List every line below containing "Dress".

→ Data extracts:

..........

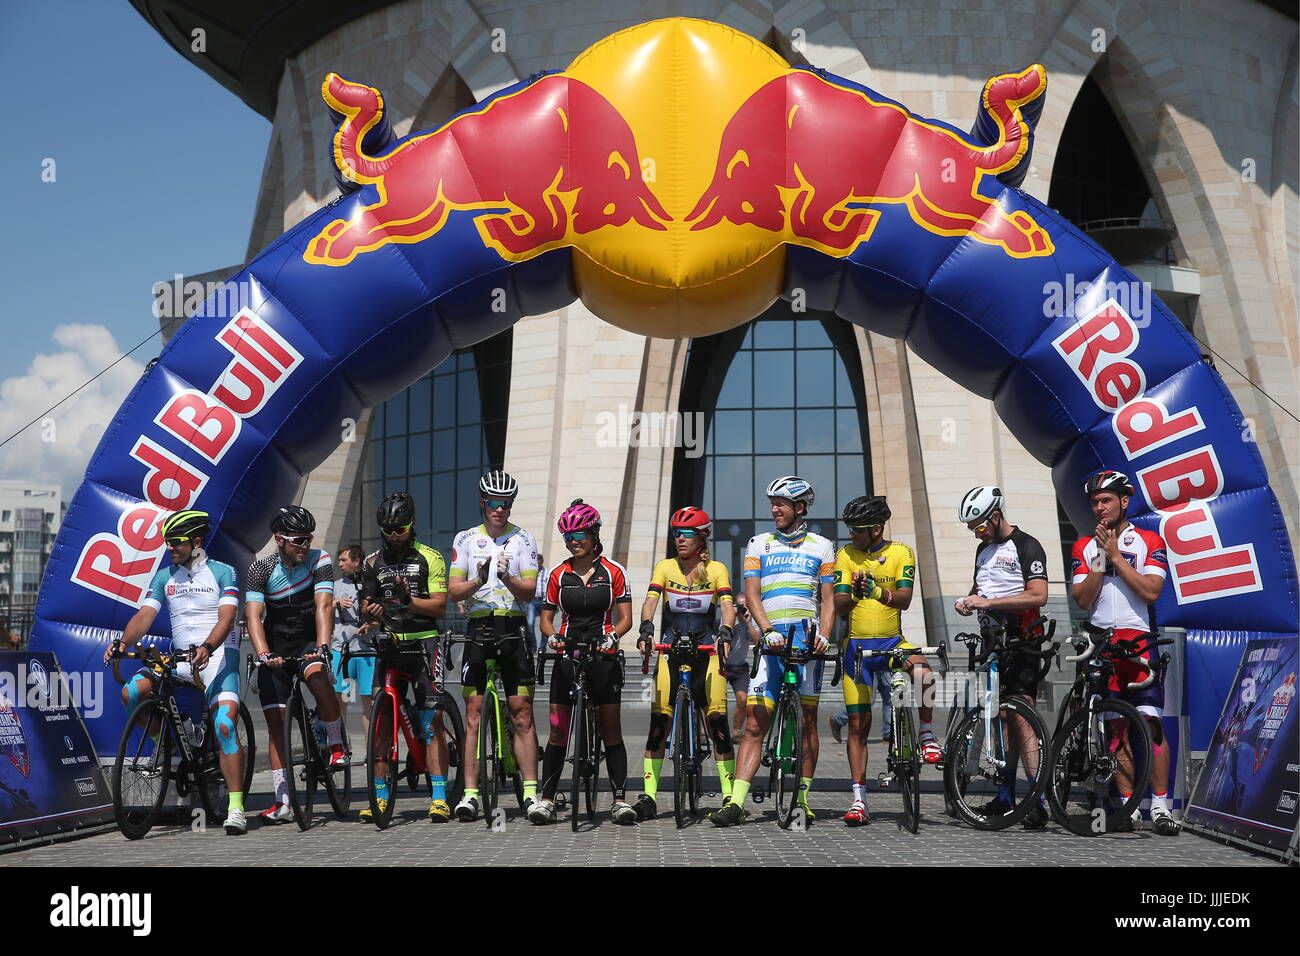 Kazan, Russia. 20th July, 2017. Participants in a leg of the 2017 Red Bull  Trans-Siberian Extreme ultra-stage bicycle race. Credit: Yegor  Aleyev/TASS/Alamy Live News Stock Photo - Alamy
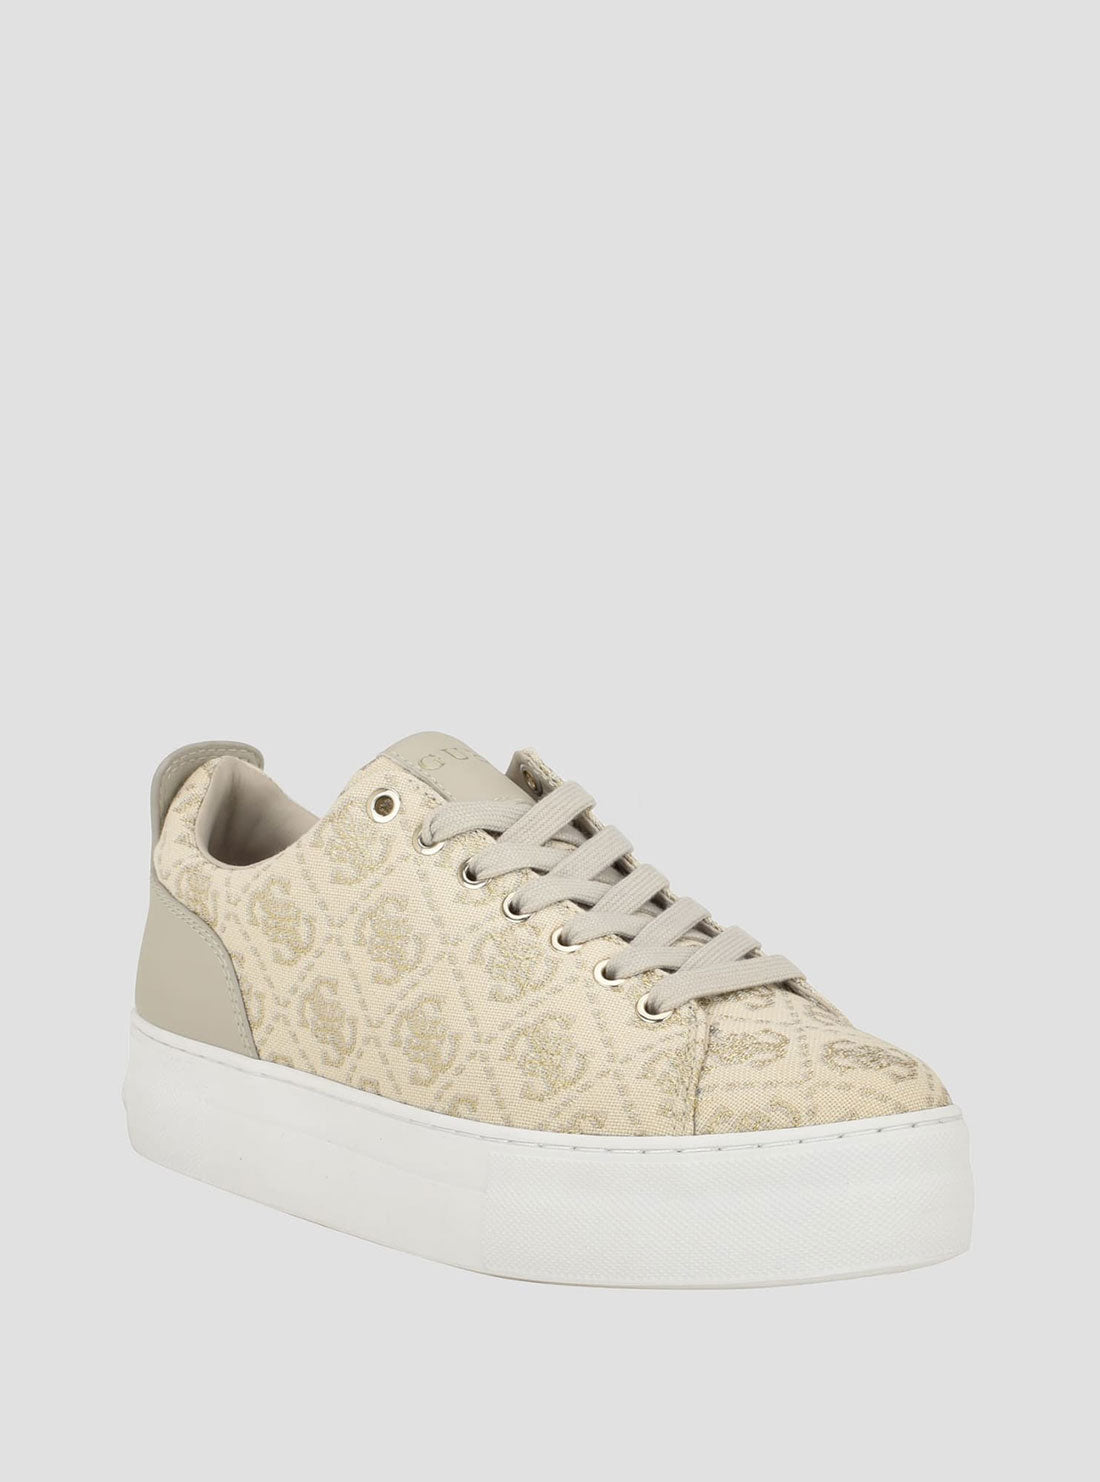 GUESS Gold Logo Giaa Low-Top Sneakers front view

..........

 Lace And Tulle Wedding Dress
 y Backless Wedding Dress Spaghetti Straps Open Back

..........

→ Solution:
 Lace And Tulle Wedding Dress
 y Backless Wedding Dress Spaghetti Straps Open Back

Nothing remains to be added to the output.